A great leader of our emerging nation opened his immortal Declaration of Independence with the words, “When in the course of human events it becomes necessary for one people…”, and he deemed it proper and necessary to add the humble phrase that “a decent respect for the opinions of mankind requires that they should declare the causes which impel them” to embark on this course.

How much has changed in the 227 years since Thomas Jefferson wrote those lines! From a small, marginal, agricultural federation of colonies we have grown into the most powerful nation on the face of the Earth. With prophetic justice one of our great senators has declared us guilty of the “arrogance of power,” and never has this accusation rung more true than in these days, under the leadership of as arrogant a president as has ever been imposed on us.

Unfortunately, the United Nations is but a feeble shadow of Alfred Lord Tennyson’s dream of “the Parliament of Man, the Federation of the World,” far removed from the day when “the war drum throbbed no longer, and the battle flags were furled.” And yet—how terribly wrong we are if we contemptuously dismiss this “impotent debating society;” how terribly wrong that our president—obsessed with Iraq as his predecessors were obsessed with Vietnam or Nicaragua—practically had to be dragged before this forum to issue an ultimatum to the world: “You will do as I say, or I will impose my will with the force of my own, unequaled arms without your help, without your friendship and support!”

I have no doubt that Saddam Hussein—like Hitler or Stalin—is an utterly evil, power-mad, extremely dangerous man who must be deprived of the means to wreak havoc on his region and beyond.
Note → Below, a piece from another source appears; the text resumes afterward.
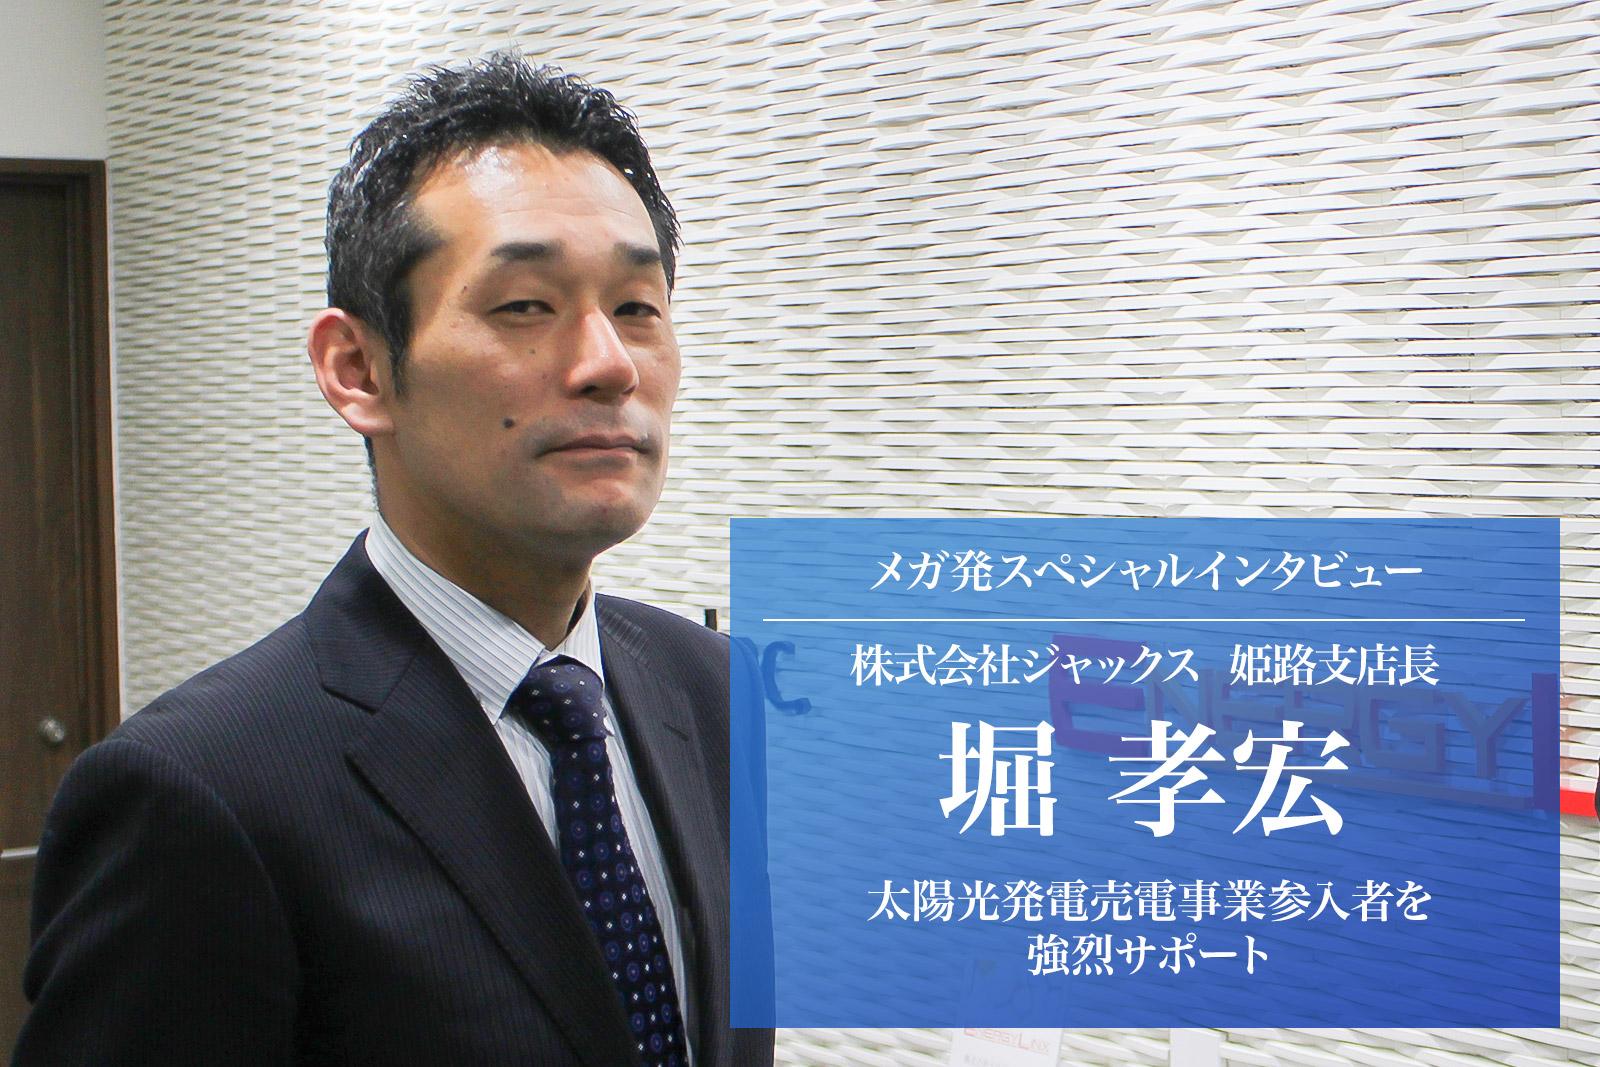 【メガ発インタビュー】株式会社ジャックス

And yet I remain convinced that we must exhaust every means to disarm him with the help and cooperation of the world community, that unilateral action is the wrong policy, that we need the help of other nations to solve the inevitable problems of a post-Hussein Iraq—in other words, that we cannot and should not try to “go it alone,” however tempting the prospect to display the awesome power of our weaponry before the world.

However rich, powerful, and armed to the teeth we have become—striding across the earth today like a colossus—it is every bit as true today as it was on July 4th, 1776 that “a decent respect for the opinions of mankind” requires that we explain to the world the causes which impel us to take the actions which we contemplate, and to seek the counsel and the help of other nations around the globe. Failure to do so is a sure recipe for failure—and for ever-increasing hatred directed at us.